An excellent resource for those interested in early Jewish interpretation of scripture is Alexander Samely's Midrashic Units in the Mishnah. The website is a companion to his fascinating work Rabbinic Interpretation of Scripture in the Mishnah (Oxford: Oxford University Press, 2002). Find it in a library here, or purchase it here.
The website has a database and accompanying resources for all of the examples of biblical interpretation in the Mishnah with the exception of Avot (which the author indicates will be added in the future). Samely has provided an English translation of each Midrashic unit and an analysis/commentary that uses the categories and terms he developed in his book.
You can search by tractate, biblical book, the code/category, the rabbi, formal features, or use a search term field.
This is a fantastic online resource for those interested in early scriptural interpretation and Rabbinic literature.

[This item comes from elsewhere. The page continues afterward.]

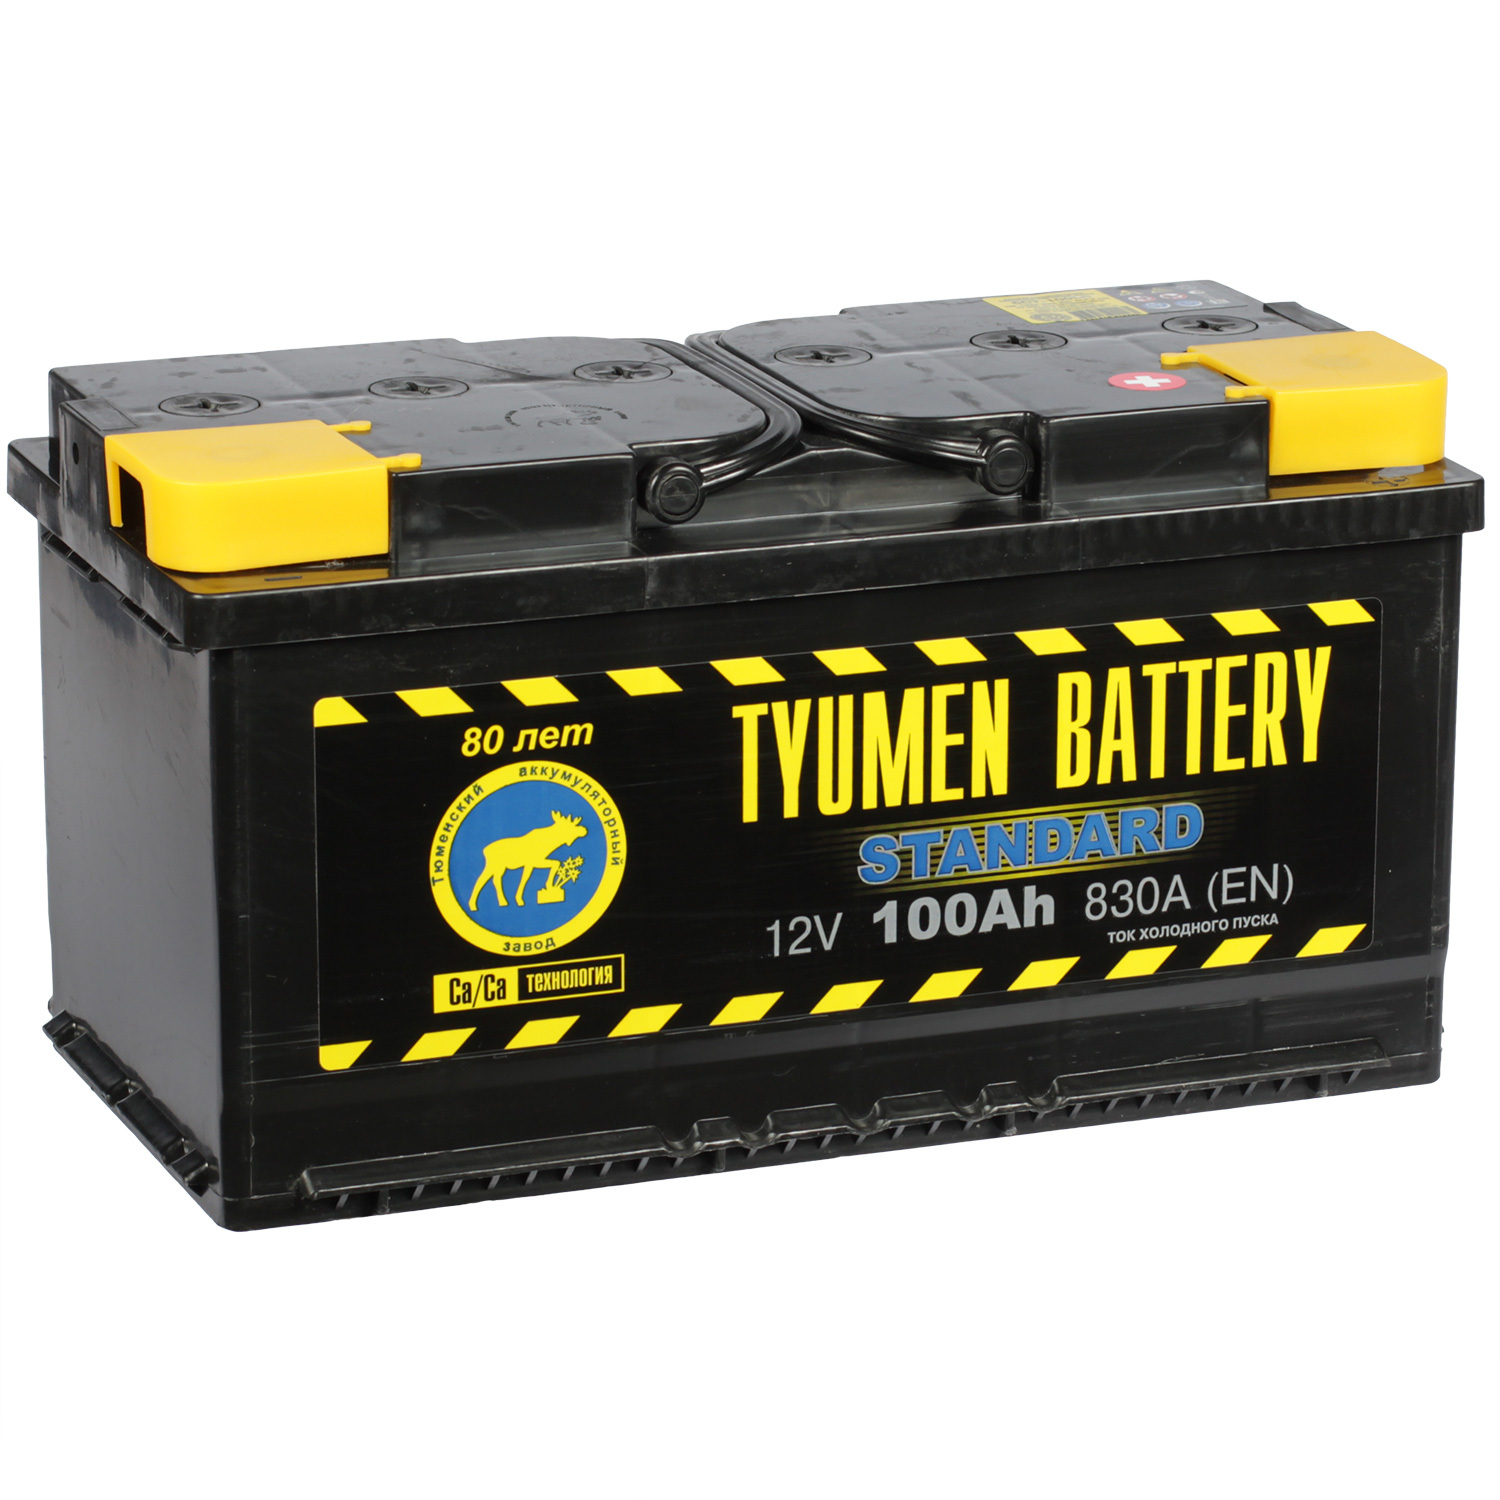 Tyumen Battery Автомобильный аккумулятор Tyumen Battery Standard 100 Ач обратная полярность L5 tyumen battery автомобильный аккумулятор tyumen battery asia 40 ач обратная полярность b19l

A good summary quote from chapter 2 of Samely's book:
"Mishnaic interpretations do not target the whole of Scripture, or any one of its larger parts, but rather segments approximately of sentence length. The hermeneutic licence to cut the text into small units which can be interpreted as if they stood alone creates a wide hermeneutic choice. Its fundamental effect is that the segment, taken in isolation, is less determined in topic, reference, or meaning than as part of a Scriptural environment (co-text). The Mishnah, in surrounding the segment with different co-text, can thus appoint a fresh topic, reference, or meaning for the biblical words" (31).